Paper breakdown

BERT: Pre-training of Deep Bidirectional Transformers for Language Understanding

Jacob Devlin, Ming-Wei Chang, Kenton Lee, and Kristina Toutanova · 2018 · NAACL 2019

Combines a transformer encoder with a masked-language-model objective to learn deep bidirectional context, then fine-tunes on downstream NLP tasks. Establishes pre-train-then-fine-tune as the dominant paradigm for two years and the technical scaffolding for everything after.

arXiv:1810.04805

Overview

Devlin et al. (2018) showed that a transformer encoder pretrained on a token-level fill-in-the-blank task could, after light task-specific fine-tuning, beat the previous state of the art on eleven standard NLP benchmarks. The paper makes two design decisions that had not been combined before. The model is a bidirectional transformer encoder, so each token's representation conditions on the entire input rather than a left-to-right prefix. The pretraining objective is a masked-language-model (MLM) loss: a subset of input tokens is replaced with a [MASK] symbol, and the network is trained to predict the original tokens.

The bidirectionality is the technical hinge. Left-to-right language models (the original GPT) and concatenation of left-to-right and right-to-left models (ELMo) both restrict the receptive field. BERT's encoder lets every token attend to every other token without leakage, because the masked tokens are not present in the input the model conditions on. The paper combines this with a sentence-pair classification head used in a "next-sentence prediction" auxiliary task.

Mathematical Contributions

The masked-language-model objective

Given an input sequence $x_1, \ldots, x_n$ , BERT samples a random subset $M \subset \{1, \ldots, n\}$ of size roughly $0.15 n$ . For each $i \in M$ , the input token $x_i$ is replaced as follows: with probability 0.8, by [MASK]; with probability 0.1, by a random token; with probability 0.1, left unchanged. The encoder produces hidden states $h_1, \ldots, h_n$ , and the loss is the cross-entropy of predicting $x_i$ from $h_i$ for $i \in M$ :

$\mathcal{L}_{\text{MLM}} = -\sum_{i \in M} \log p(x_i \mid h_i)$

The 80/10/10 split addresses a fine-tuning mismatch: at fine-tuning time there is no [MASK] token, so always-mask training would teach the encoder to lean on a feature absent at downstream evaluation. Random replacement and identity tokens introduce noise and force every position to maintain a useful representation.

Next-sentence prediction

Each pretraining example is a pair of segments $A$ and $B$ separated by [SEP], prepended with a [CLS] token. With probability 0.5, $B$ is the actual next segment in the document; otherwise $B$ is sampled from another document. A binary classifier on the [CLS] representation predicts which case applies:

$\mathcal{L}_{\text{NSP}} = -\log p(\text{IsNext} \mid h_{\text{[CLS]}})$

The total pretraining loss is $\mathcal{L}_{\text{MLM}} + \mathcal{L}_{\text{NSP}}$ . Subsequent work (RoBERTa, ALBERT) showed that NSP is largely unnecessary if MLM is run for long enough; the paper's contribution is in making the protocol work, not in NSP being optimal.
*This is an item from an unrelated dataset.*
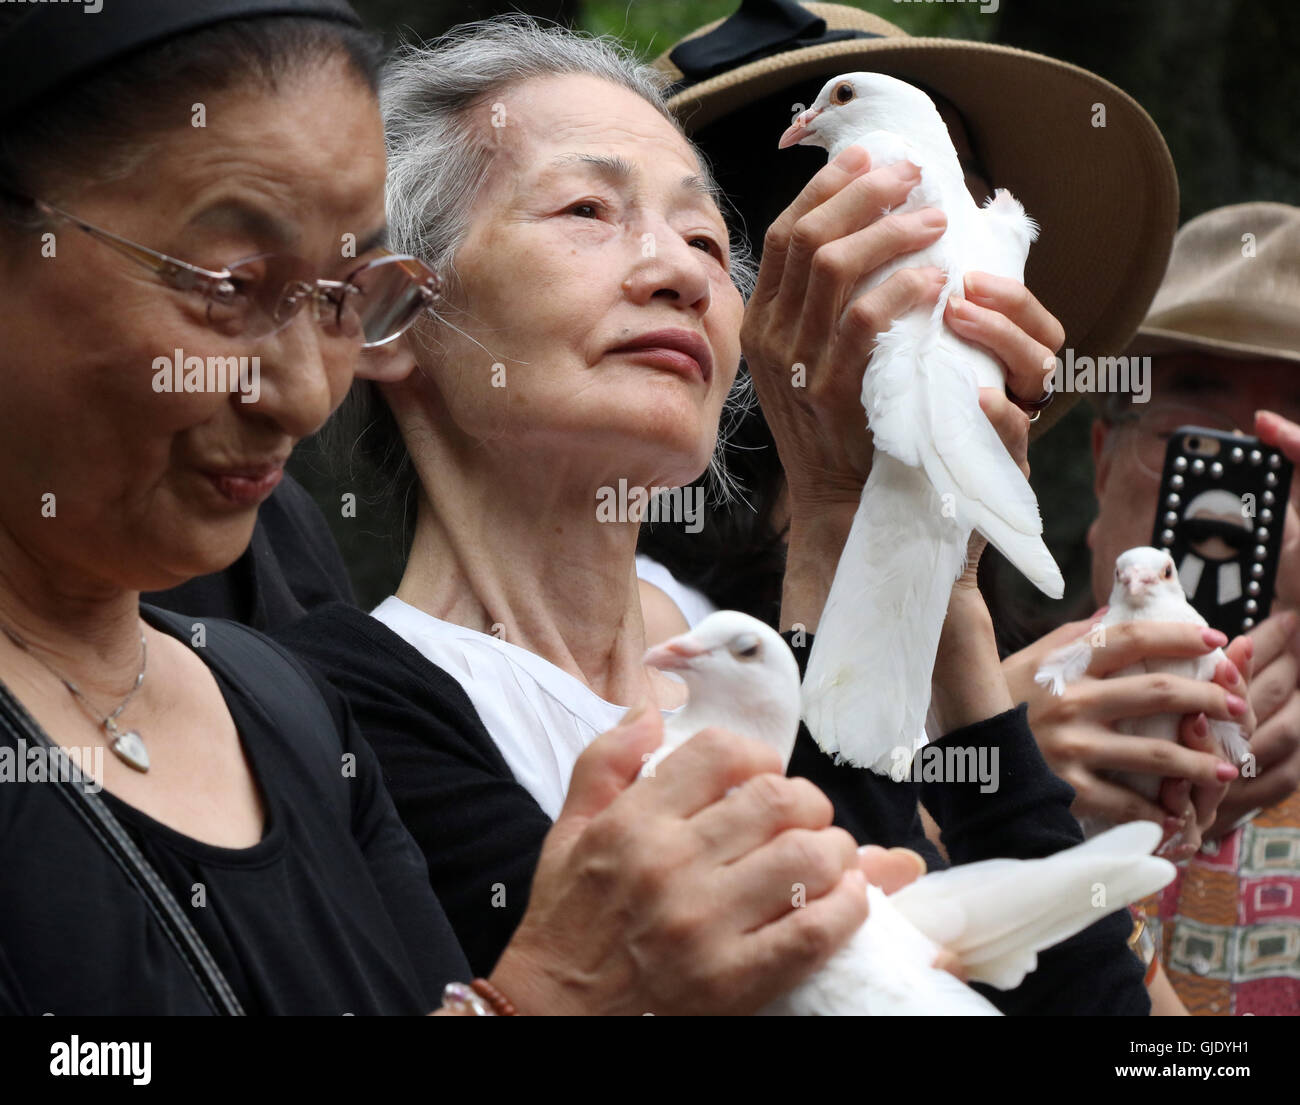 Tokyo, Japan. 15th Aug, 2016. People release doves to pray for peace at the controversial Yasukuni shrine in Tokyo as the honour the war dead on the 71st anniversary of Japan's surrender in World War II, on Monday, August 15, 2016. © Yoshio Tsunoda/AFLO/Alamy Live News Stock Photo

Why bidirectionality is non-trivial

A standard left-to-right language model trains $p(x_i \mid x_{<i})$ . Making it bidirectional by simply attending to all positions would let each token's prediction trivially copy itself: position $i$ can attend to itself and decode $x_i$ from $h_i$ . The MLM workaround replaces the token at position $i$ with [MASK] so the model cannot see it in the input. This is what unlocks unrestricted attention.

Architecture and scale

The paper releases two configurations:

Model	Layers	Hidden	Heads	Params
BERT-Base	12	768	12	110M
BERT-Large	24	1024	16	340M

Pretraining uses the BookCorpus (800M words) and English Wikipedia (2.5B words), totalling about 3.3B tokens. Training is roughly 1 million steps at batch size 256 on 64 TPU chips for four days for BERT-Large. The paper is also the first major release of pretrained checkpoints under a permissive licence; that, as much as the technical content, is why it propagated so quickly.

Fine-tuning protocol

Downstream tasks fine-tune all parameters. For sentence classification (GLUE, MNLI), a linear head reads the [CLS] representation. For span tasks (SQuAD), two pointer heads predict start and end positions. For sequence labelling (NER), a per-token classifier reads each position. Fine-tuning runs 2-4 epochs at small learning rates (typically 2e-5 to 5e-5).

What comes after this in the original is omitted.